Malacidin

Identifiers
- 3D model (JSmol): Interactive image; A: Interactive image; B: Interactive image;
- ChEBI: A: CHEBI:140173; B: CHEBI:140174;
- ChEMBL: A: ChEMBL4525167;
- DrugBank: A: DB14051;
- PubChem CID: A: 132274667;

Properties
- Chemical formula: C_{56}H_{88}N_{12}O_{20}
- Molar mass: 1249.384 g·mol^{−1}

= Malacidin =

Malacidins are a class of chemicals made by bacteria found in soil that can kill Gram-positive bacteria. Their activity appears to be dependent on calcium. The discovery of malacidins was published in 2018.

The malacidin family were discovered using a new method of soil microbiome screening that does not require cell culturing. This allowed researchers to identify genetic components necessary to produce the chemical.
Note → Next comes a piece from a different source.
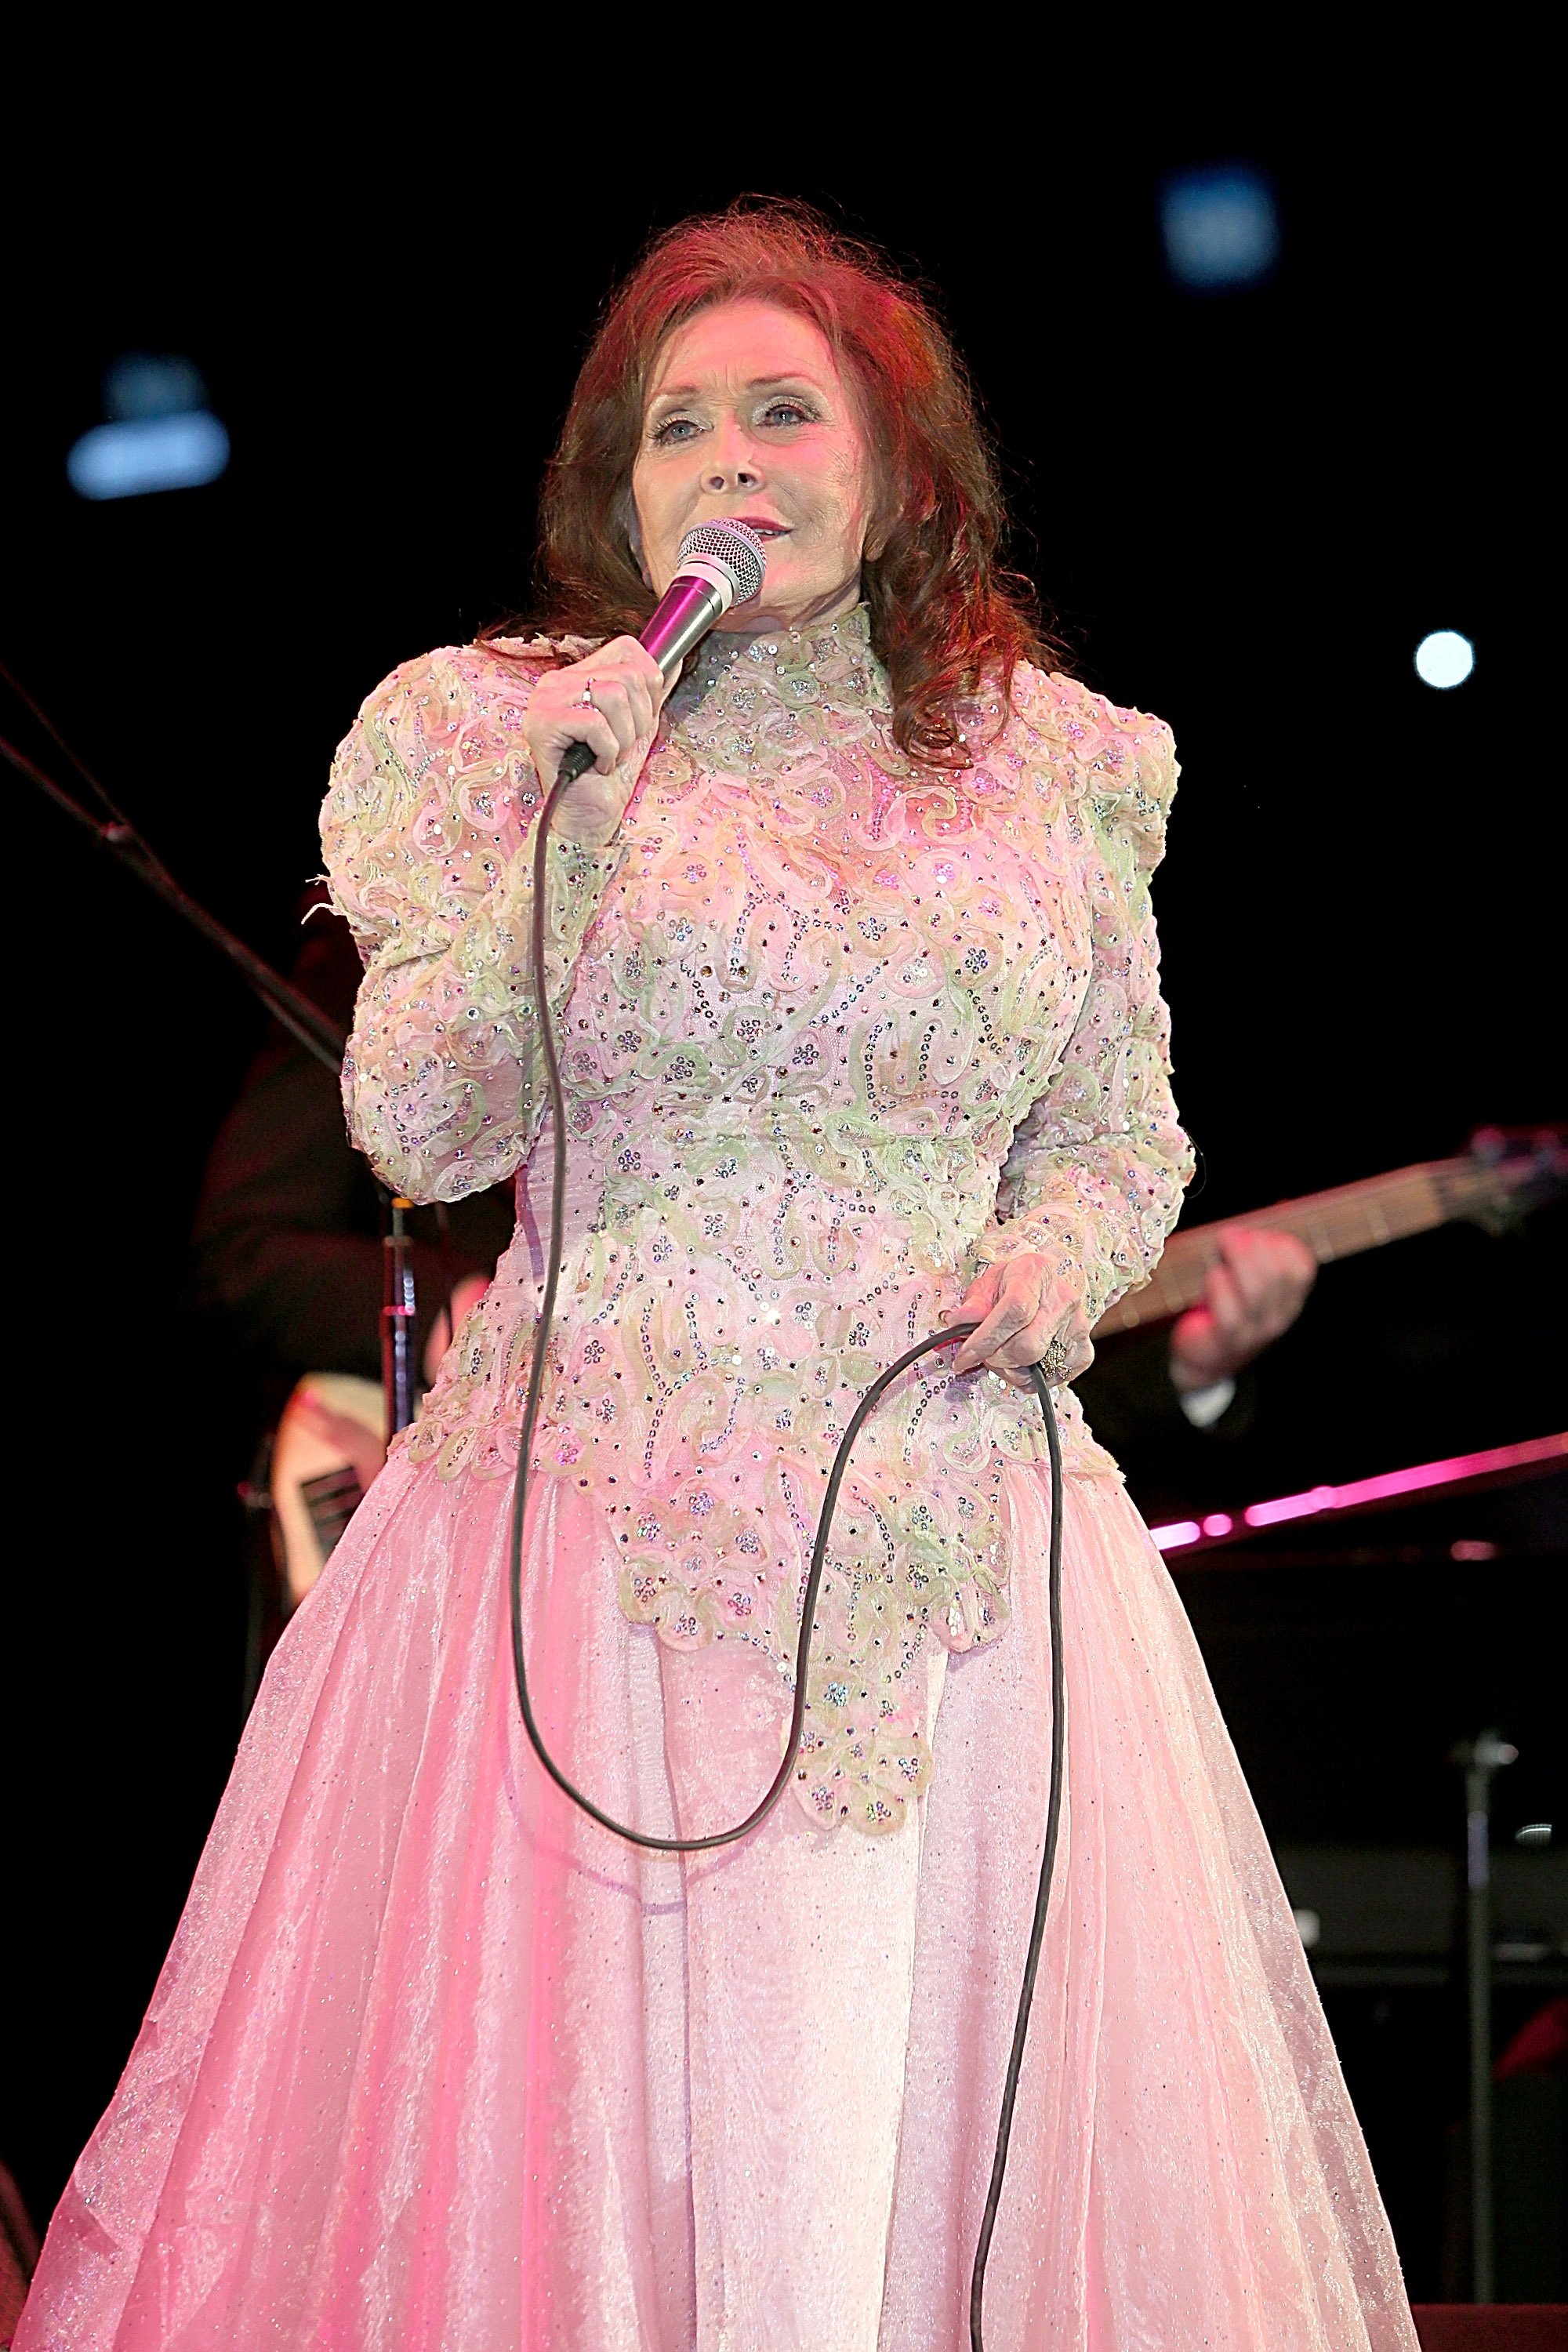 Loretta Lynn on stage during Rodeo Austin at the Travis County Expo Center in Austin, Texas | Photo: Gary Miller/FilmMagic via Getty Images

Malacidin A was shown to kill Staphylococcus aureus and other Gram-positive bacteria.

At the time of publication it was not certain if the discovery would lead to any new antibiotic drugs, because large investments of time and money are required to determine whether any drug is safe and effective.

==Chemical structure==
Malacidins are macrocycle lipopeptides. The 2018 paper described two chemicals in the malacidin family, differing only by a methylene at their lipid tails. Their peptide cores include four non-proteinogenic amino acids. The name "malacidin" is derived from the abbreviation of metagenomic acidic lipopeptide antibiotic and the suffix -cidin.

==Mechanism of action==
Malacidins appear to take on their active conformation after they bind to calcium; the calcium-bound molecule then appears to bind to lipid II, a bacterial cell wall precursor molecule, leading to destruction of the cell wall and death of the bacteria. Therefore, they would be a new member of the class of calcium-dependent antibiotics. The discovery of malacidins supported the view that the calcium-dependent antibiotics are a larger class than previously thought.

==History==
Malacidins were discovered by researchers at Rockefeller University, led by Brad Hover and Sean Brady. The group had been looking into antibiotics related to daptomycin and their calcium-dependent nature, but determined that it would be impractical to culture variations in lab conditions. Instead, the team used a genetics approach that was more scalable. They focused on searching for novel biosynthetic gene clusters (BGCs) – genes that are usually expressed together, that bacteria use to make secondary metabolites. To do this, they extracted DNA from around 2,000 soil samples to build metagenomic libraries that captured the genetic diversity of the environmental microbiome. They then designed degenerate primers to amplify genes likely to be similar to the BGC that make daptomycin by using a polymerase chain reaction (PCR) procedure, sequenced the amplified genes, and then used metagenomics to confirm that these genes were indeed likely to be the kind of BGCs they sought. One of the novel BGCs they found was present in around 19% of the screened soil samples but not readily found in cultured microbial collections, so they took that BGC, put it into other host bacteria, and then isolated and analyzed the secondary metabolites. The work was published in Nature Microbiology in February 2018.

==Research directions==
The approach of screening the soil for useful compounds using genomics has been done by others, and is likely to continue to be pursued as a method to further explore primary metabolites and secondary metabolites made by microorganisms.

As of February 2018, the malacidins had not been tested on humans. At the time of their discovery it was unknown whether the discovery would lead to any new antibiotic drugs; showing that a potential drug is safe and effective takes years of work and millions of dollars, and the scientists said at the time that they had no plans to try to develop a drug based on the work. In the 2018 paper, malacidins were shown to kill only Gram-positive bacteria and not Gram-negative bacteria. They were, however, able to kill multidrug-resistant pathogens, including bacteria resistant to vancomycin in the laboratory, and methicillin-resistant Staphylococcus aureus (MRSA) skin infections in an animal wound model.

Brady, Hover, and two other authors disclosed in the 2018 paper that they had "competing financial interests, as they are employees or consultants of Lodo Therapeutics." Lodo was founded in 2016 out of Brady's laboratory, to discover new chemicals in nature as starting points for drug discovery.